Data Finding Process

I'm new to Genesis dev/ROM hacking, but not to ASM and programming in general. I'm embarking on something somewhat ambitious, but not too bad: I want to do some text hacks to Shining Force II for GEN.

But the only text that seems to be stored as ASCII is the characters names. All of the dialogue seems to be compressed or worked into the script or something like that.

I was just wondering: when you guys do things like this, how do you extract data? How do you even determine where it's stored? I'm using Gens KMod, and I've done several ROM dumps, including dumps between changes of only a few characters in a textbox, and when diffing the two dumps, the changes seem to be nondeterministic. But that brings up the question: would the currently loaded dialogue be stored in the RAM?

I'm not really sure how these things would be organized, if it would be compressed some way, if it's stored in one giant block or if it's totally spread out, if the text is encoded in the scripts or if it's in referenced tiles, etc.

So my question is: what can I do to find out how and where the data is stored? What techniques should I use? Maybe some of you could share your solution to a similar experience?
 
PROGRESS (even though no one's interested it seems):

I found where the variable width font is rendered into the tile list. I just recently learned that this could be done, so that explains why I overlooked it.

[attachmentid=1856]
 

Attachments

  • sf2_ss_font.jpg
    sf2_ss_font.jpg
    39 KB · Views: 130
  • sf2_ss_font.jpg
    sf2_ss_font.jpg
    39 KB · Views: 129
Originally posted by BigNailCow@Sun, 2006-05-21 @ 08:22 PM

So my question is: what can I do to find out how and where the data is stored? What techniques should I use? Maybe some of you could share your solution to a similar experience?

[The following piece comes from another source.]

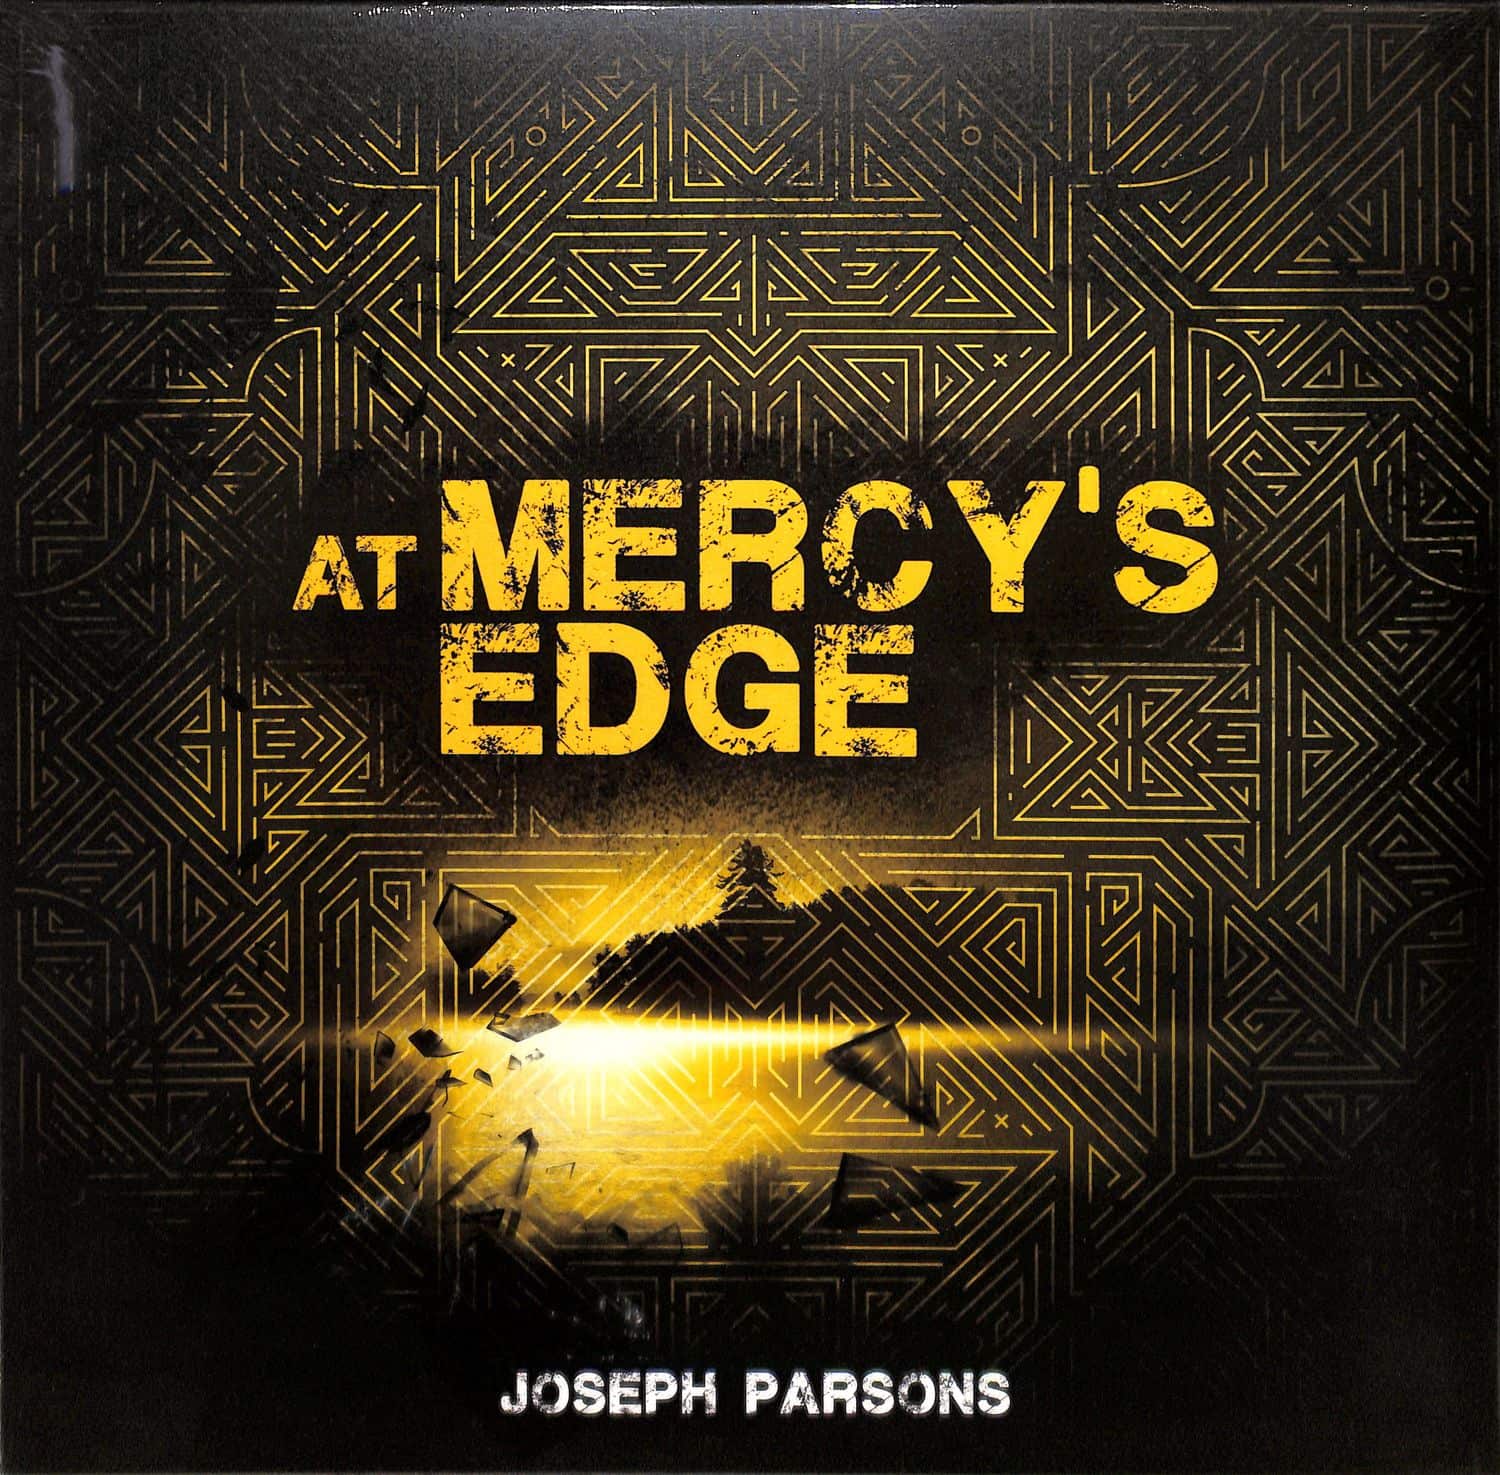 Joseph Parsons - AT MERCYS EDGE 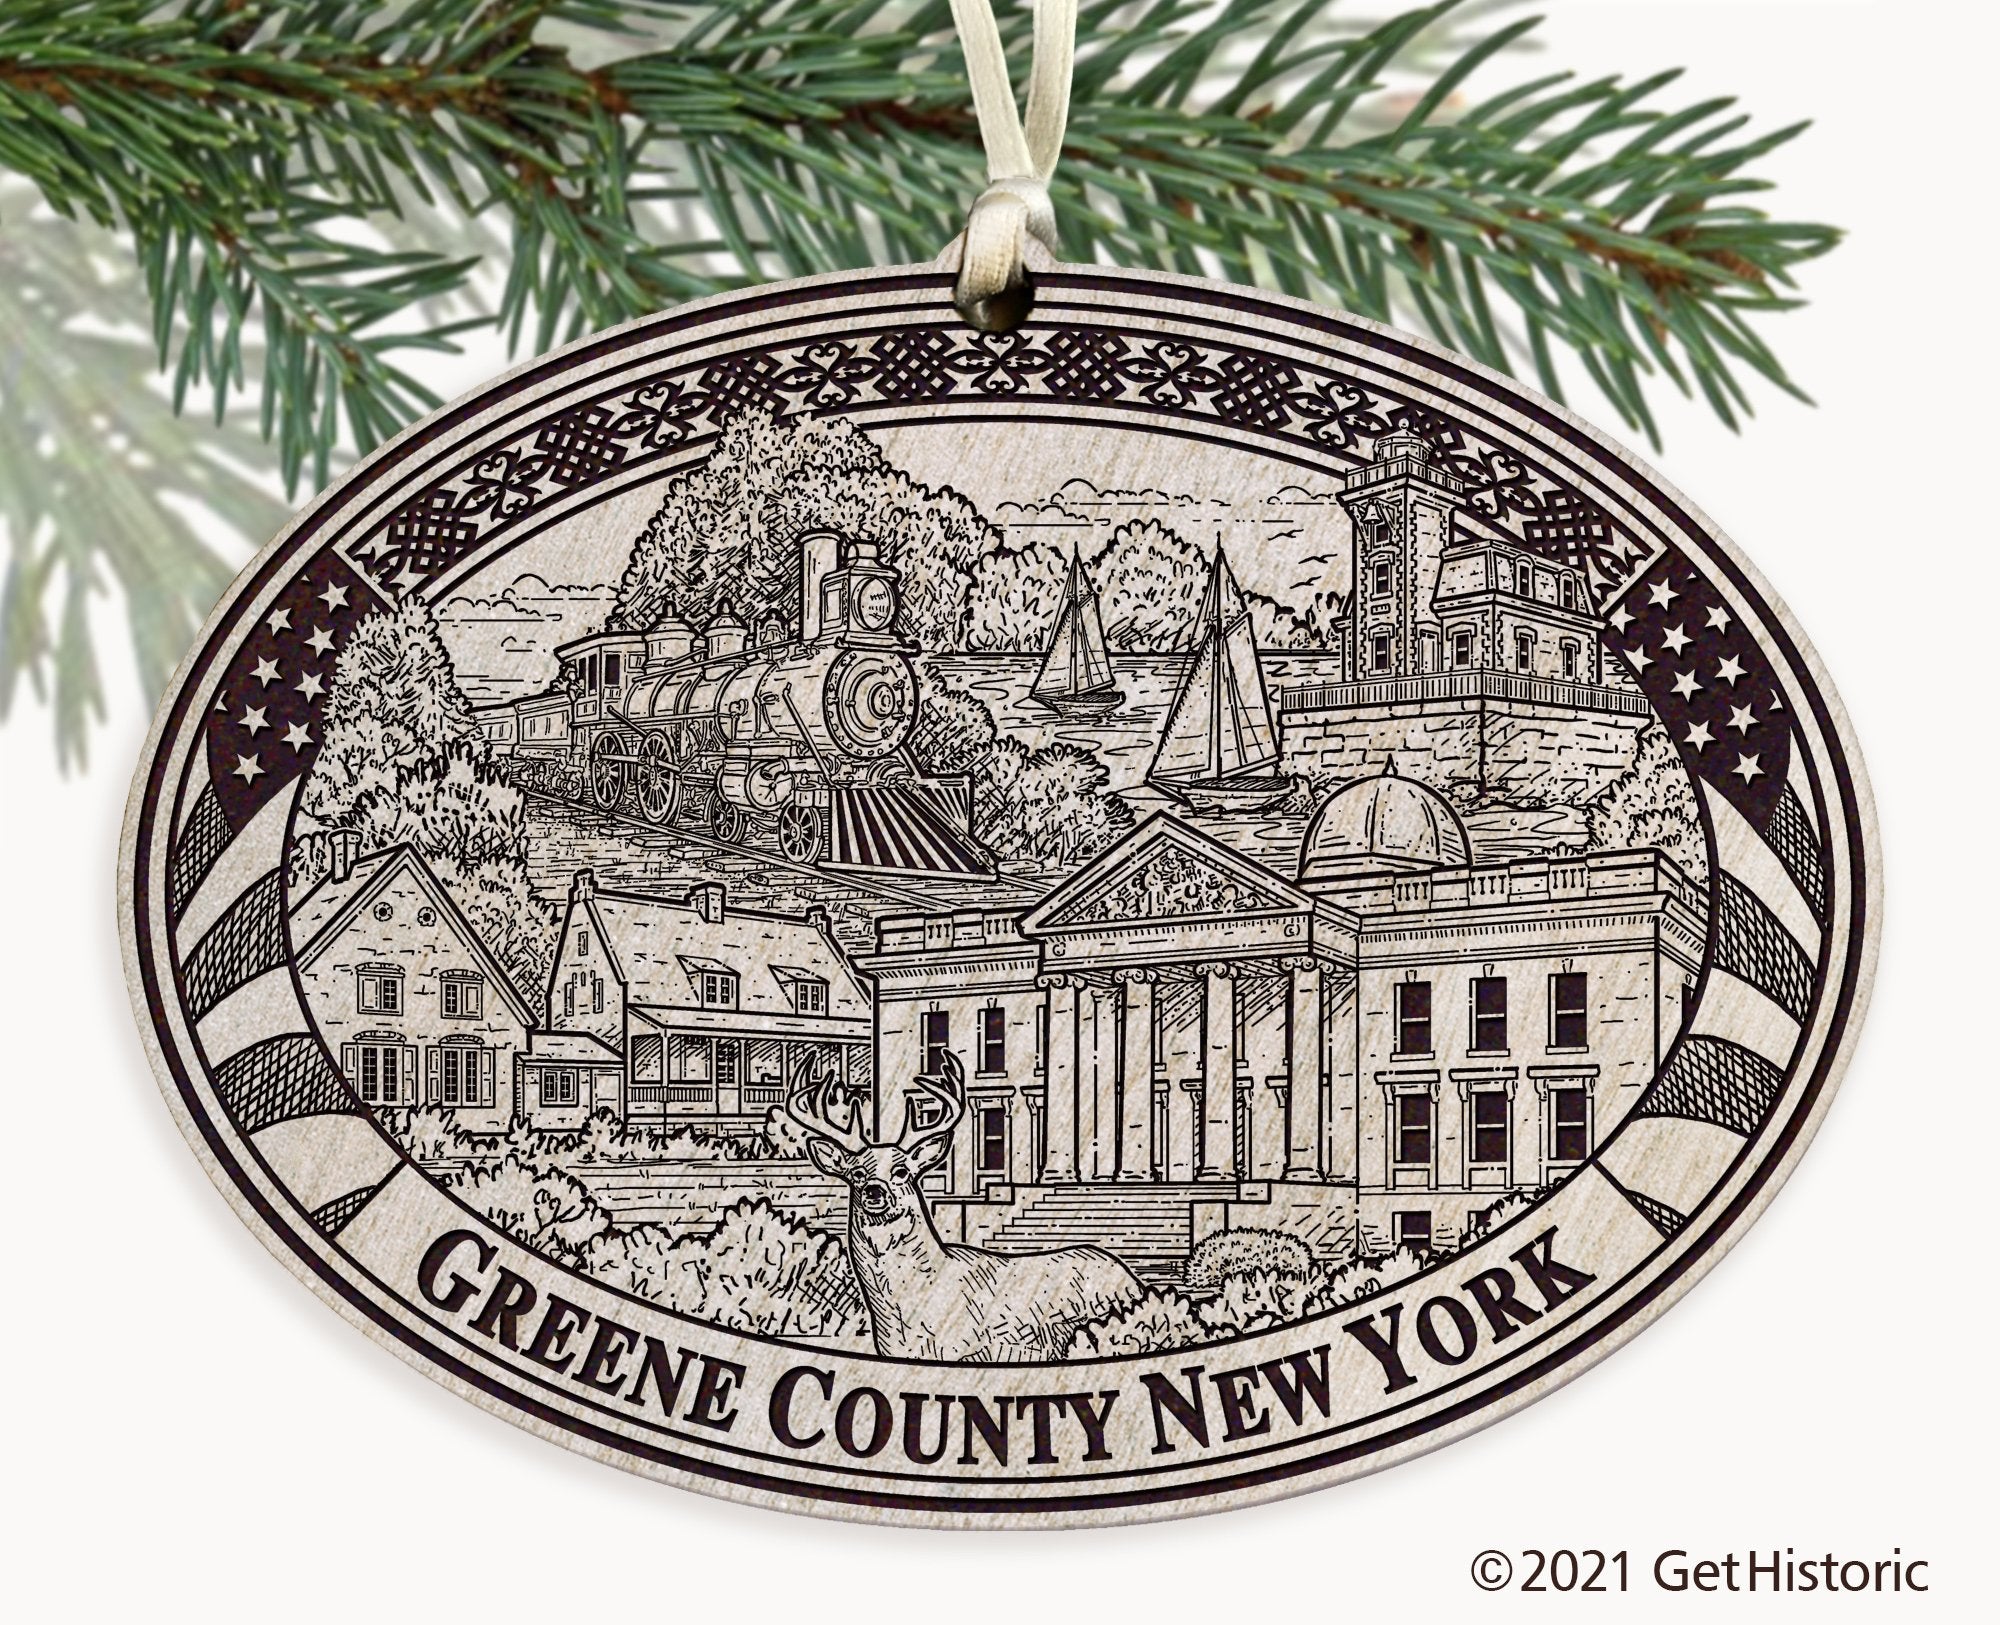 Greene County New York Engraved Ornament

[post=146369]Quoted post[/post]​


Basically you work backwards. You've found where the variable width text is rendered into VRAM; next you need to locate the code that writes to VRAM which will certainly be using the text/script data as it's input. Probably the game renders the text bitmap in to *RAM*, and then copies the entire RAM block or bigger chunks to VRAM though it may directly write the text bitmap to VRAM as well - in the former case you'd also want to check VDP DMA operations incase the CPU isn't used to manually copy data from RAM to VRAM.

Going further back you may find a decompression routine that unpacks the text into RAM or similar for processing. Probably back another step is the code that picks out chunks of the script for use, which will show how all the game's text is stored.

Having a debugger helps since you can simply set watchpoints on memory locations and find when games access them. However I don't know which (if any) Genesis emulators have this feature. If the Genesis emulation in MESS is any better than it used to be and Shining Force runs, MESS has a great debugger. Maybe Gens has one too.

Otherwise you can do a disassembly of the game and sift through the code in a text editor, though it's a lot more work. Once you do it a few hundered times, it's not so bad. ;)
 
I would also recommend making a few RAM dumps at points with text on-screen - that way, you might be able to find uncompressed text and have an address to use when searching through code.

For disassembly, I recommend IDA. I think there's a version of Gens somewhere that will log 68k execution to an .idc, which you can load into IDA (after loading the ROM) to separate data and code, although you have to exercise the game extensively to make full use of this, and it still won't catch code that's been deliberately skipped by the original programmers (although it probably wouldn't be hard for someone who knows the hardware to handle such a situation).